I stood up to see. He lifted the bandage someone had carefully placed over it, maybe even my own mother. Mine was bare, no longer bleeding, but raw. His was a sickle, like a crescent moon. Mine was a straight line. Our cuts were different shapes, but in almost the exact same places on our arms.
“Does it hurt?” I asked.
“Nah. Yours?”
“Not anymore.”
“You want to play?”
“I’m not supposed to.”
“Why?”
I thought about it. I didn’t really know.
“What’s your name?” he asked.
“Christina.”
“I’m Michael. Come on.”
And he had turned and raced up the yard. I looked down at the red line of separated flesh, pressed it with my finger until it hurt, to remind myself of what I was risking. My mother could still find out I’d disobeyed her. Maybe this rich boy would turn on me eventually, like his friend. Maybe I should just stay by the cottage, keep out of trouble like Mama had told me to.
But this boy had stood up for me, even though it had cost him, even though he didn’t know me.
He saw me, when everyone else wanted to pretend like I didn’t exist.
I looked back at my cottage, then up at the yard, where he stood waiting.
And then I ran to join him.
Boyboy says, “I
don’t have a scar from when you saved me from those kids. They knew I couldn’t swim. You don’t have a scar from that day either, but I can cut you now, if it’ll help you think straight.”
He sits back. He seems to be waiting for me to get something on my own, like a little kid sounding out a word for the very first time. And suddenly I understand what Boyboy’s saying. It is so obvious and he’s right. I really am an idiot. What I realize is this:
Boyboy is my friend.
Michael is my friend.
Whether I like it or not. Whether I admit it or not.
I have all my rules, act like I know everything, pretend like I’m in control. But they know the truth. I’m broken and messed up.

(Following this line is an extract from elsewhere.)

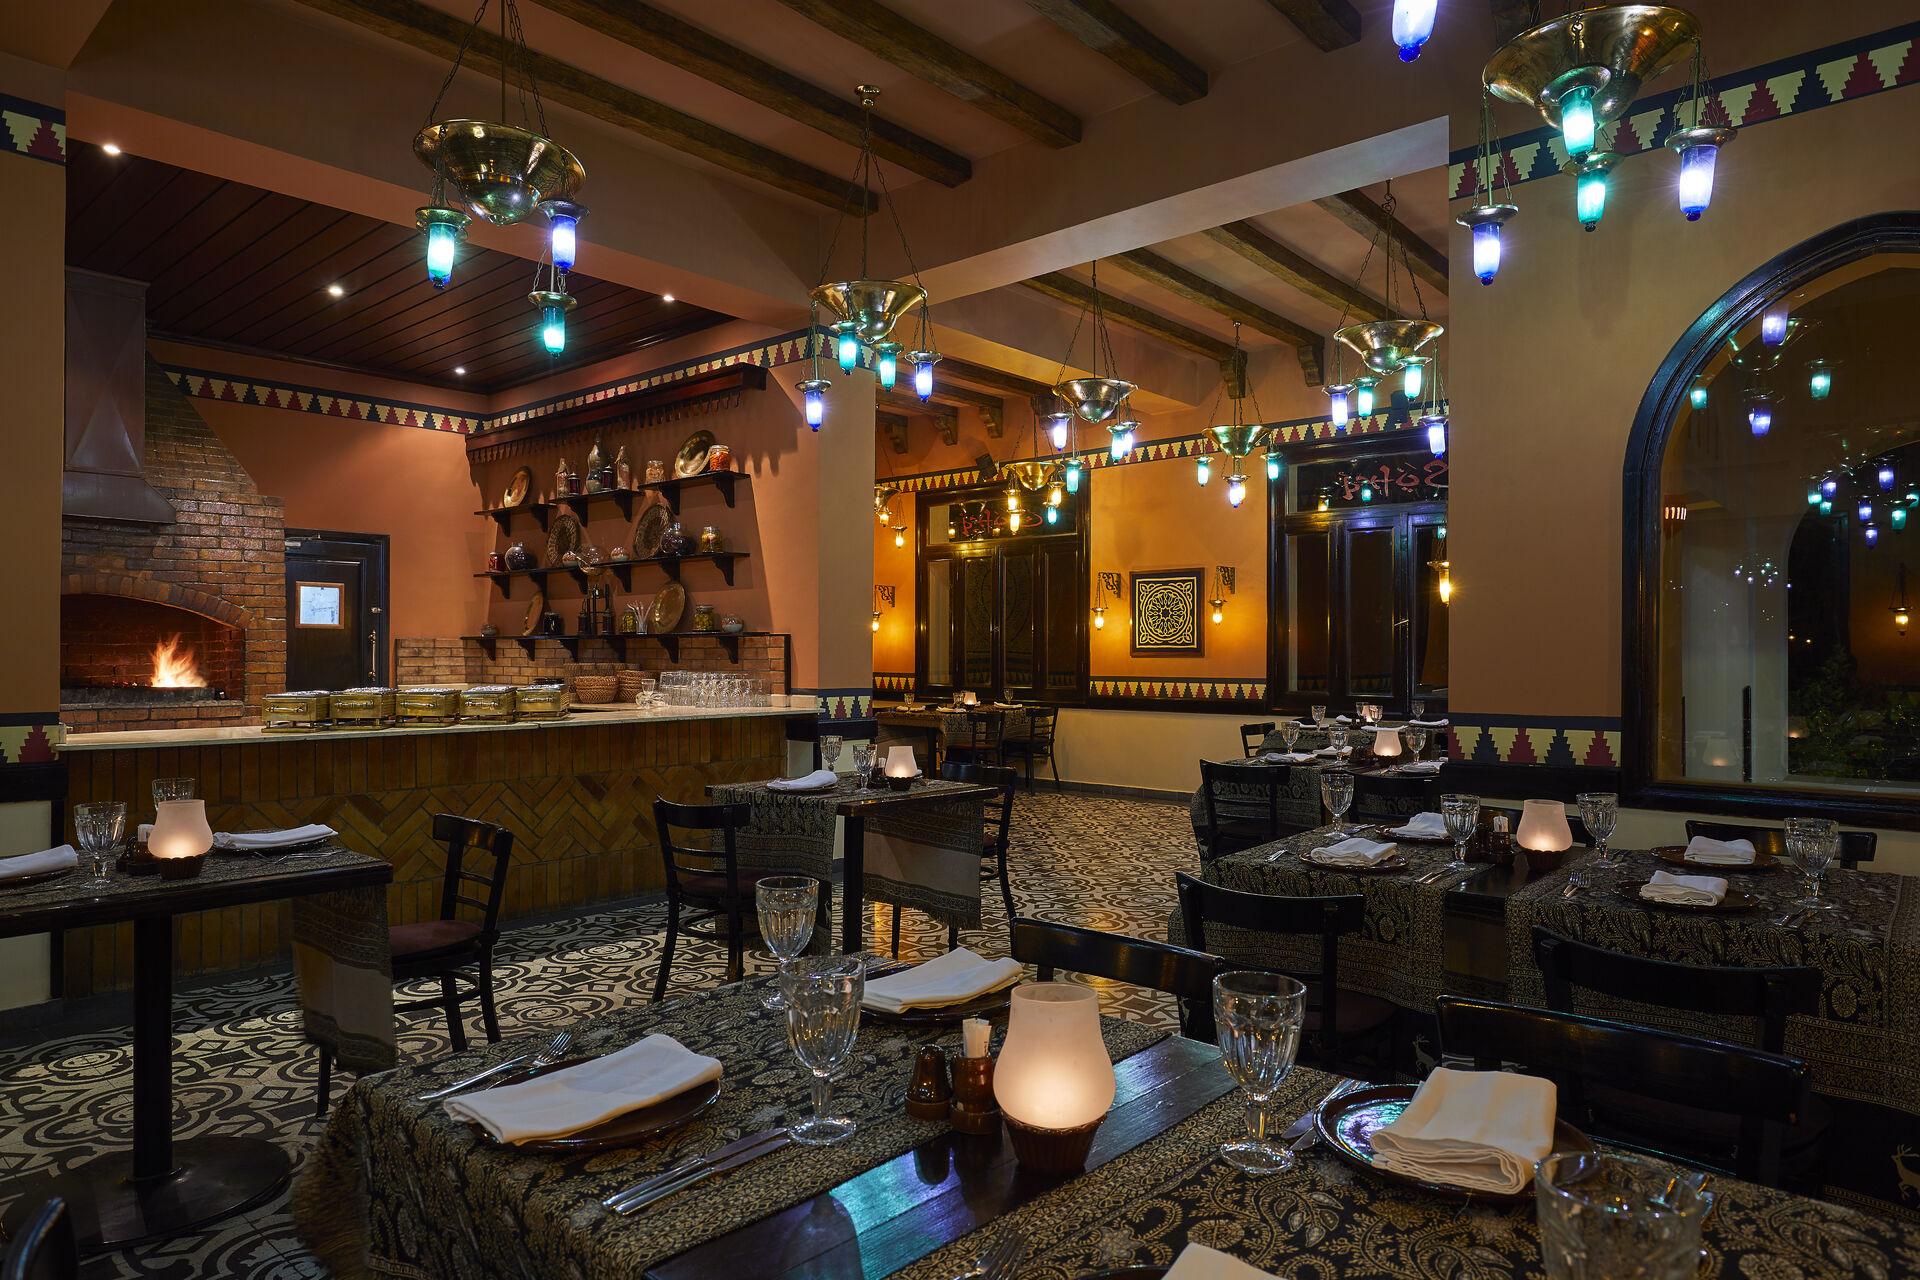 https://cms.satur.sk/data/imgs/tour_image/orig/sofra-oriental-a-la-carte-restaurant-020118-1947561.jpg

And you know what? They don’t care.
They stick with me. They stick up for me. It’s because of me that they’re out here now, and because of me they didn’t leave days ago. Michael may have come to clear his father’s name, but he stayed because he’s still the same kid who got punched in the nose for me all those years ago. And Boyboy has always been my partner in crime. That’s why he came back here with me.
What I realize is not really a rule—it’s just true:
They exist to me.
And I exist to them.
THIRTY-EIGHT
You’re my friend,” I say softly.
Boyboy rolls his eyes, but the sag in his shoulders says he’s relieved. “Yes, Tina.”
“You love me.”
“Now, don’t get carried away.”
“You’re going to help me. That’s what you’re telling me. We have to rescue Michael. Together. We can figure this out.”
“There’s my Tiny Girl.”
I wipe my face on my arm and try to hold on tight to what I’m feeling. “Where are they keeping him?”
Boyboy nods at a tent on the other side of the camp. “I saw them take him in there.”
A couple of militia guys sit out front, keeping watch. Unfortunately for us, they don’t look nearly as drunk as the others.